== Segment start ==

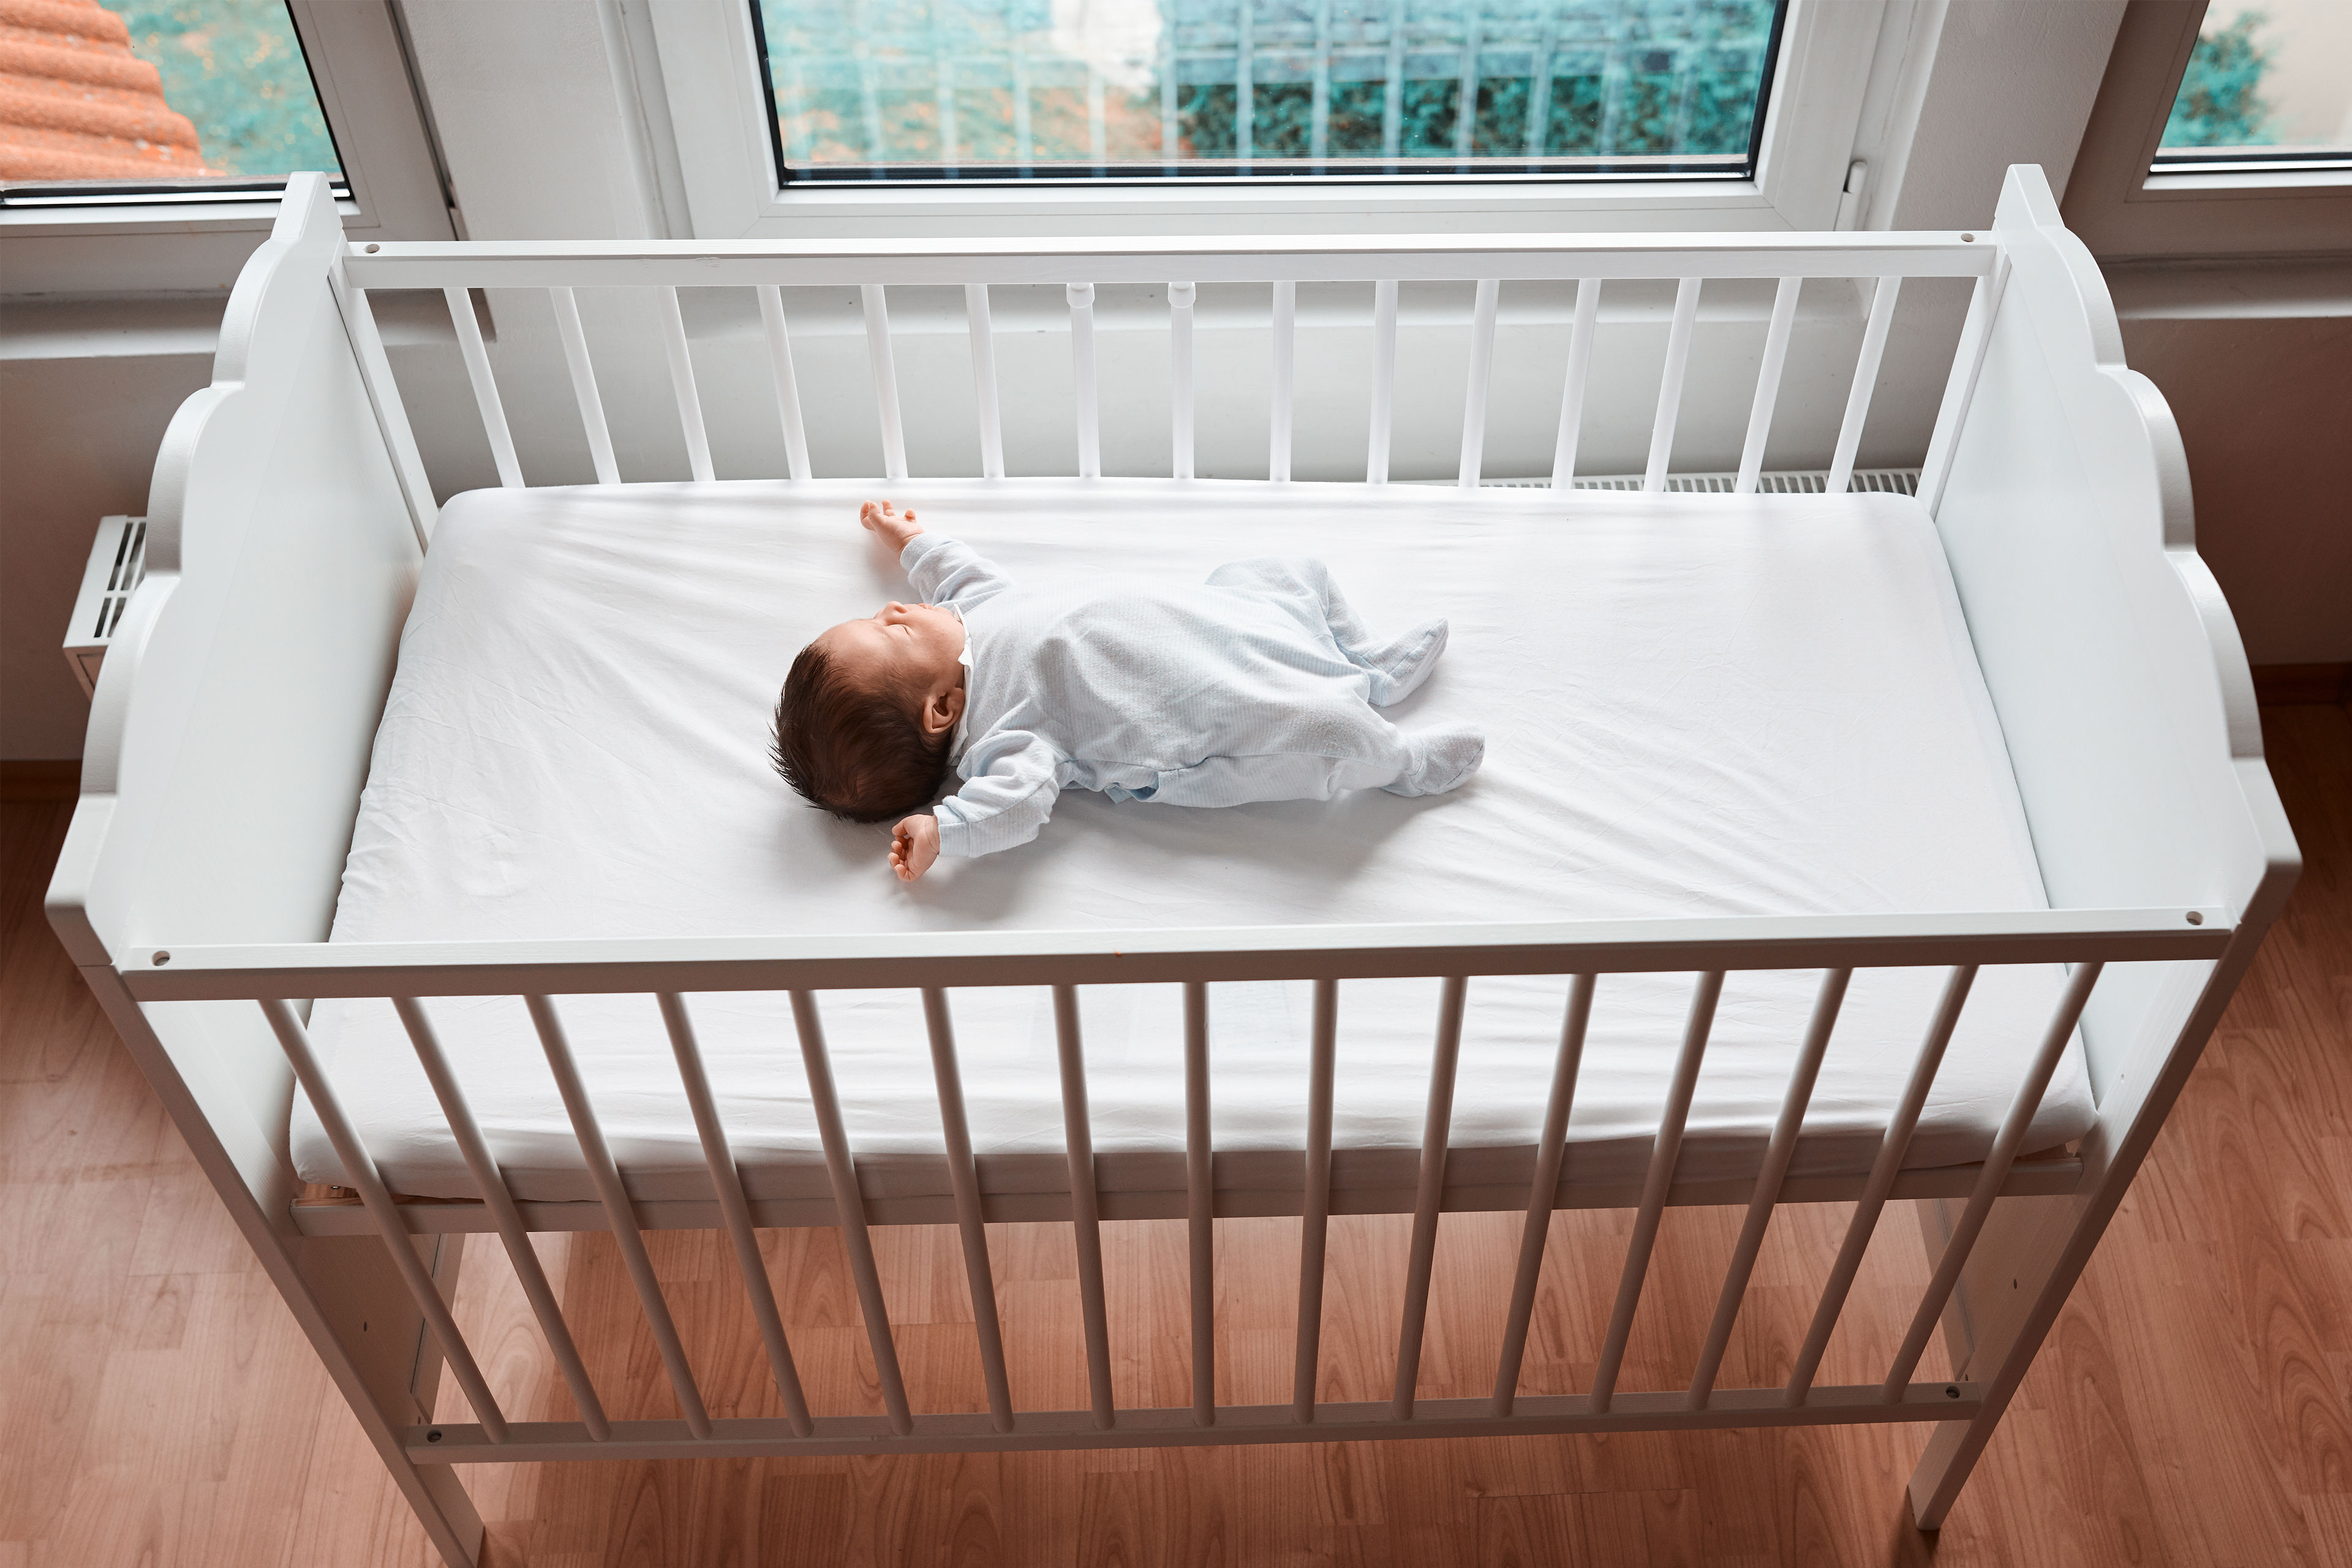 Cuándo pueden dormir los bebés con peluches?
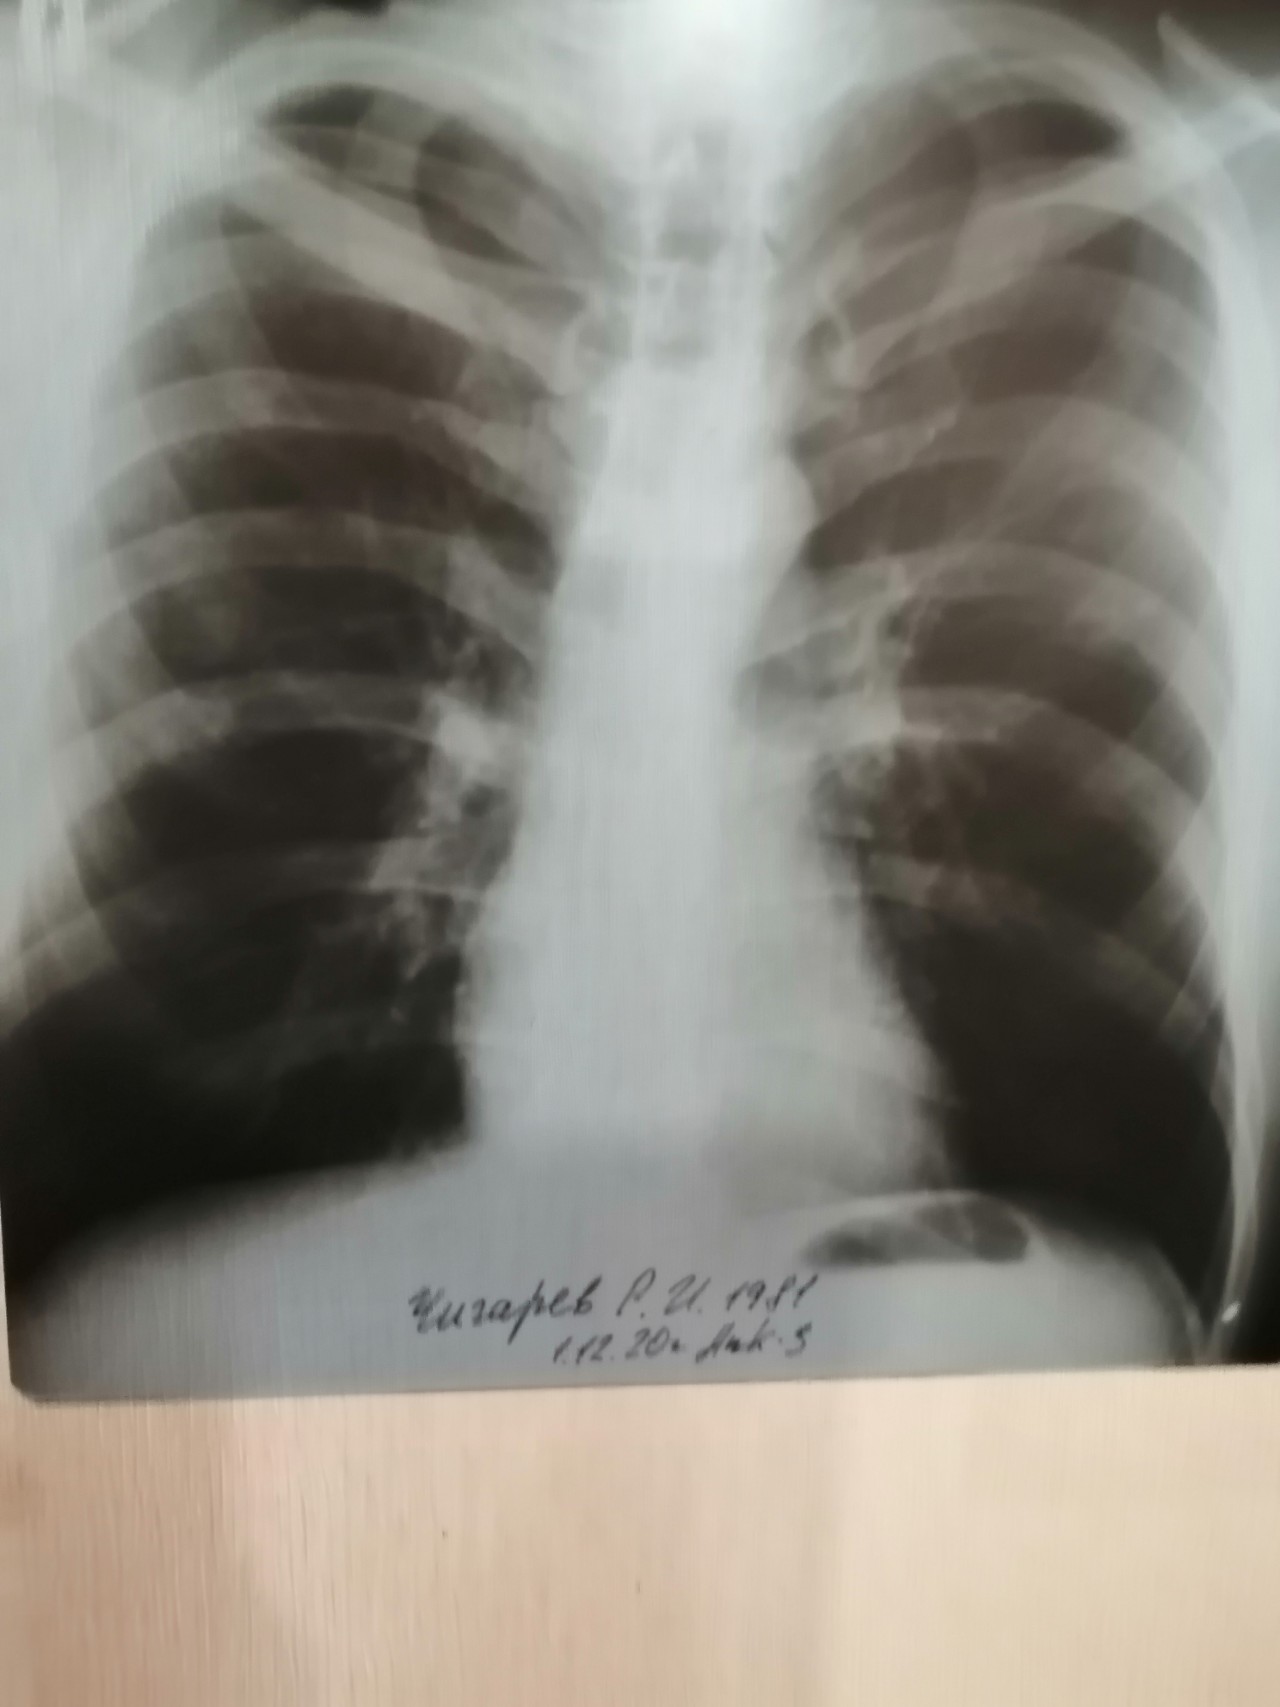 1 поражения легких. Снимок лёгких при туберкулезе фото. 69 % Поражение лёгких. Инфертивное поражение легких.
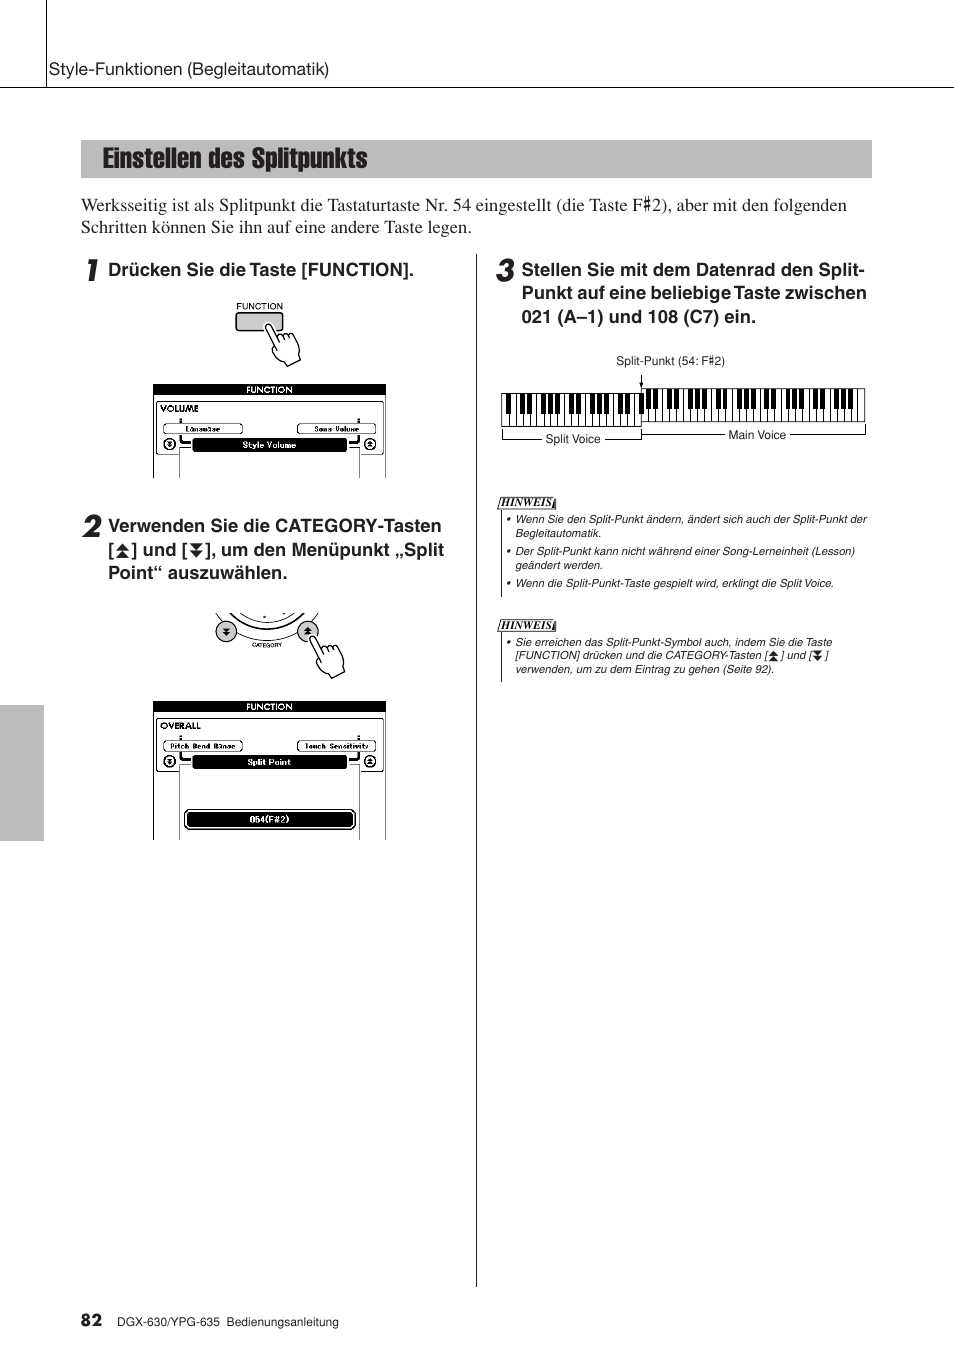 Einstellen des splitpunkts | Yamaha DGX-630 Benutzerhandbuch | Seite 82 / 160

== Segment end ==

* Your objective: Line by line, reproduce the material above exactly, leaving each picture out.

* Solution to this exercise:
 Cuándo pueden dormir los bebés con peluches?
 1 поражения легких. Снимок лёгких при туберкулезе фото. 69 % Поражение лёгких. Инфертивное поражение легких.
 Einstellen des splitpunkts | Yamaha DGX-630 Benutzerhandbuch | Seite 82 / 160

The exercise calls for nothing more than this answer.